## Information shown

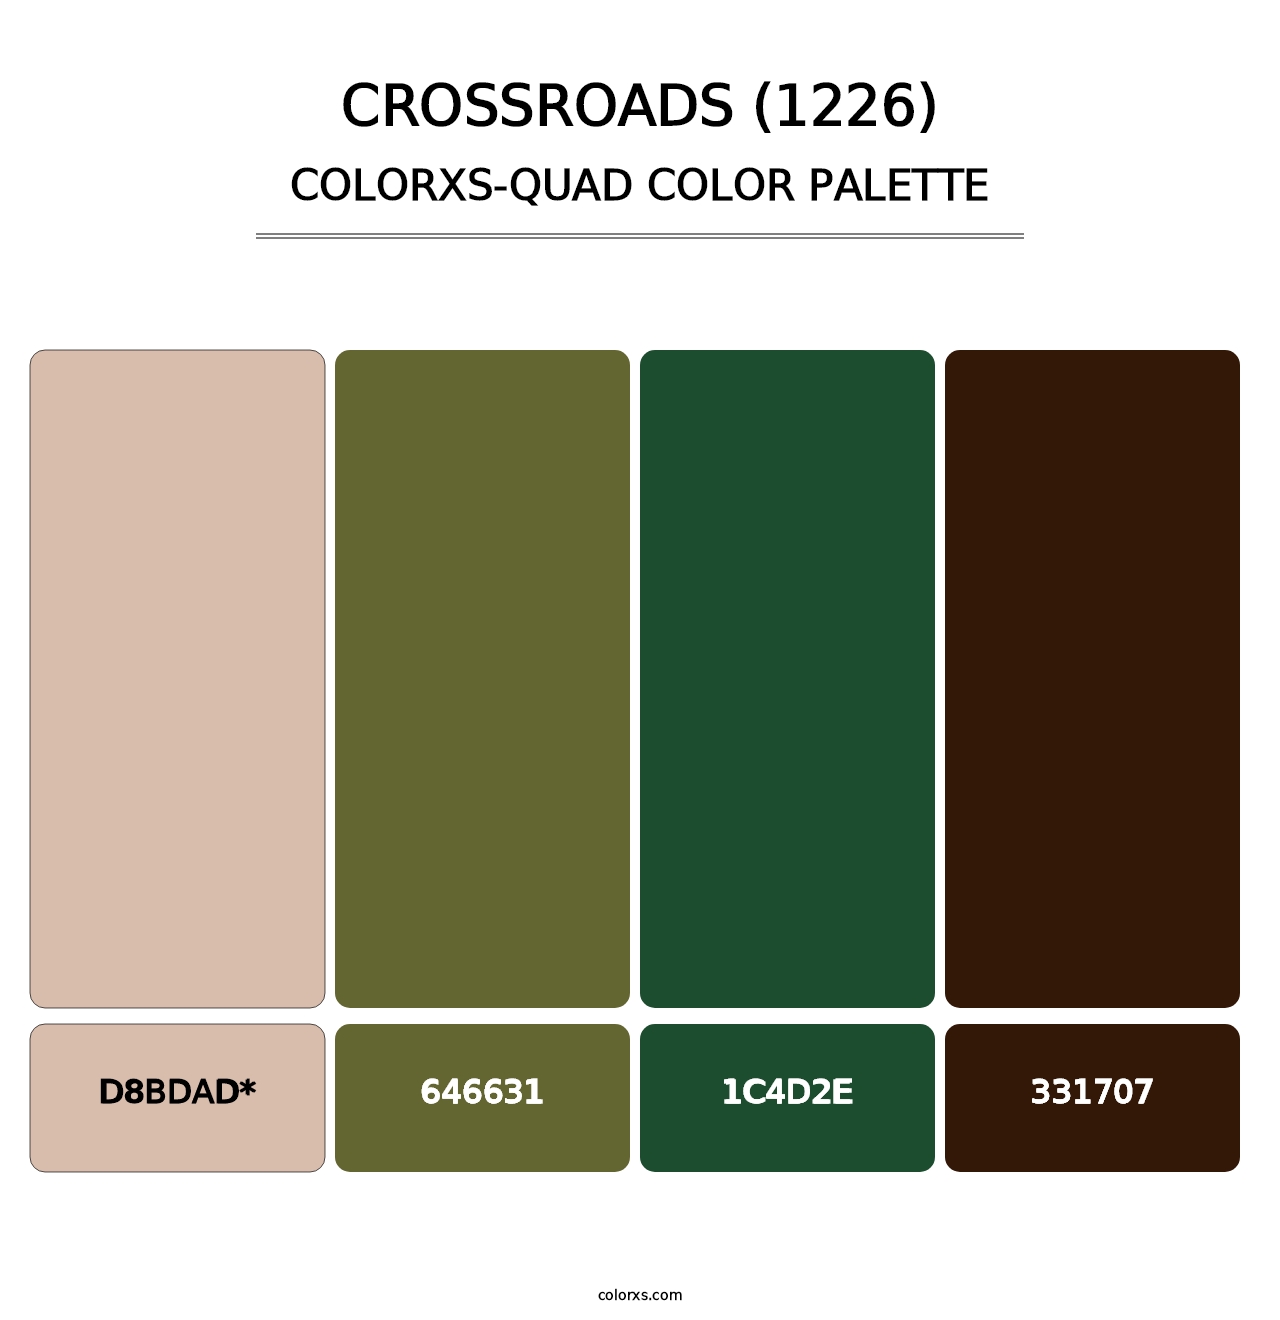 Crossroads (1226) - Colorxs Quad Palette
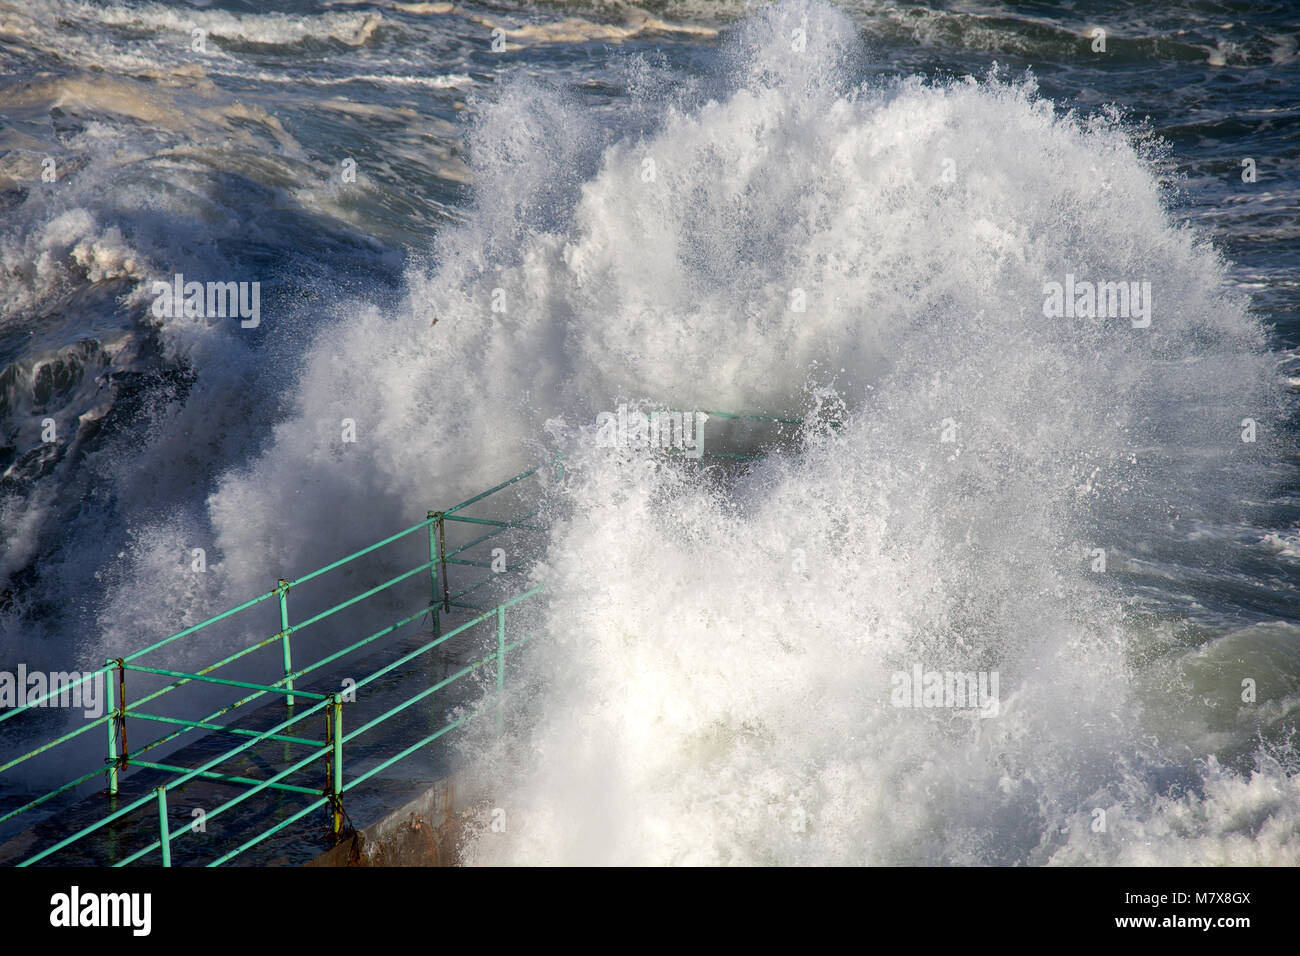 Rough Sea Waves Crashing Over a Pier, mediterranean sea, ligurian coast, Italy. Stock Photo
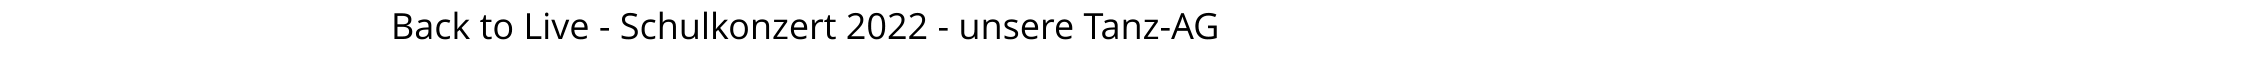 Back to Live - Schulkonzert 2022 - unsere Tanz-AG

## What the exercise asks
Output the whole listing exactly. Pictures stay out.

## Task output
 Crossroads (1226) - Colorxs Quad Palette
 Rough Sea Waves Crashing Over a Pier, mediterranean sea, ligurian coast, Italy. Stock Photo
 Back to Live - Schulkonzert 2022 - unsere Tanz-AG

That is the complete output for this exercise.